PATTERN

Hybrid time-series store — Prometheus + sharded MySQL¶

Problem. Telemetry data has two very different shapes: a low-cardinality database-level axis (a few metrics, one per database, queries-per-second aggregated across all query patterns) and a high-cardinality per-pattern axis (10s of millions of unique fingerprints per day). A single storage engine priced for one axis is mis-priced for the other:

Prometheus / most TSDBs are efficient at low cardinality but price-punishing at high cardinality — the series index, RAM footprint, and query cost all scale linearly in unique label combinations.
A sharded relational database can absorb arbitrary cardinality by using the high-cardinality axis as a primary-key component — but at the cost of the built-in aggregation / query-acceleration features a TSDB gives you for free at low cardinality.

Solution. Split the telemetry by cardinality profile and route each axis to the storage it fits:

Low-cardinality axis → Prometheus. Database-level metrics, fleet-level summary, operator dashboards of "one number per database." Prometheus' cardinality tolerance is generous for this scope.
High-cardinality axis → sharded relational DB. Per- fingerprint, per-actor, per-tag rows go to a horizontally sharded MySQL or Postgres cluster. Cardinality is bounded by the shard key's distribution rather than by Prometheus' series index.

(Source: .)

Canonical PlanetScale Insights application¶

Rafer Hazen, 2023-08-10: "The database-level data fits well into a time series database like Prometheus, but we run into several issues when trying to store the query- pattern level data in a time series database. On any given day, there are 10s of millions of unique query patterns being used across PlanetScale, and we anticipate that this number will continue growing. Most time series databases start having issues when dimension cardinality is that high. We evaluated the cost of storing this data in Prometheus and found that it would be expensive enough to be fairly unattractive."

And: "Given these requirements, we built a hybrid solution that uses Prometheus for database-level aggregations (where cardinality is suitably low) and a sharded PlanetScale database, backed by MySQL and Vitess, to store query- pattern level statistics and individual slow query events."

Structural properties¶

Workflow-scoped routing.

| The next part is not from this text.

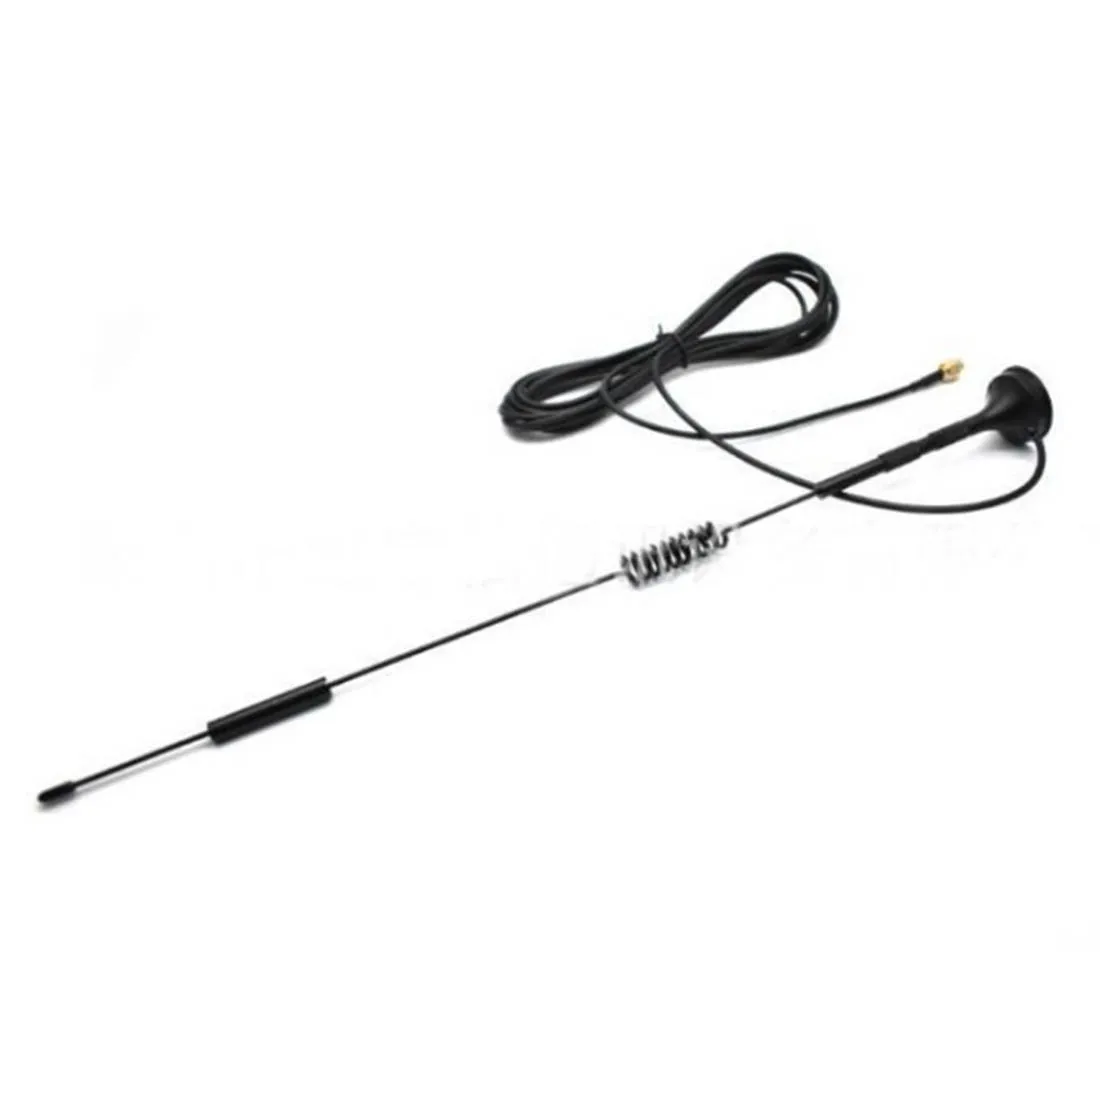 

4G10dbi Sucker Antenna 3m Cable with SMA Male Connector High Gain Aerial Supportable for CDMA GPRS GSM 2.4G WCDMA 3G New

An operator looking at fleet health hits the Prometheus side; an operator debugging a specific database's slow patterns hits the sharded-MySQL side. The product workflow already partitions by the right axis — the hybrid store just matches the split.
No cross-store joins. Because the two stores answer different questions, there's no need to merge them at query time.
Cost is aligned with cardinality-per-axis. The per- row cost is lowest on the storage engine whose indexing strategy matches the axis's cardinality shape.

When this pattern is the wrong answer¶

Single-axis telemetry. If everything is either low cardinality or high cardinality but not both, pick the one engine that fits.
Cross-axis joins are critical. If you routinely answer "how does the fingerprint-level p95 correlate with the database-level load?", the hybrid store forces an application-layer join — potentially worse than one engine that handles both axes (e.g. ClickHouse).
OLAP databases become viable. Hazen explicitly considers this: "A wide variety of OLAP databases could also serve our needs here, but all of them involve significant operational overhead and a steep learning curve." Note that PlanetScale eventually migrated the high-cardinality side to ClickHouse (: "Both feed ClickHouse") — this pattern canonicalises the earlier, sharded-MySQL era.

Contrast with single-engine ClickHouse / Druid / Pinot¶

OLAP columnar stores (ClickHouse, Apache Druid, Pinot) handle both low- and high-cardinality axes competently but introduce operational overhead (separate replication model, separate backup story, separate failure mode). The hybrid pattern avoids introducing a net-new storage engine by leveraging engines the operator already runs — Prometheus for fleet metrics, a sharded relational DB for multi-tenant storage — at the cost of duplicated telemetry pipelines.

The trade-off is operational simplicity vs unified query surface. PlanetScale's 2023 choice was simplicity — and was reversed once the team's OLAP operational experience crossed the viability threshold (ClickHouse migration).

Seen in¶

— canonical wiki disclosure. Insights' 2023-era store: Prometheus for database-level metrics, sharded Vitess- MySQL for per-pattern telemetry. Explicitly rejects single-engine OLAP stores on operational-overhead grounds.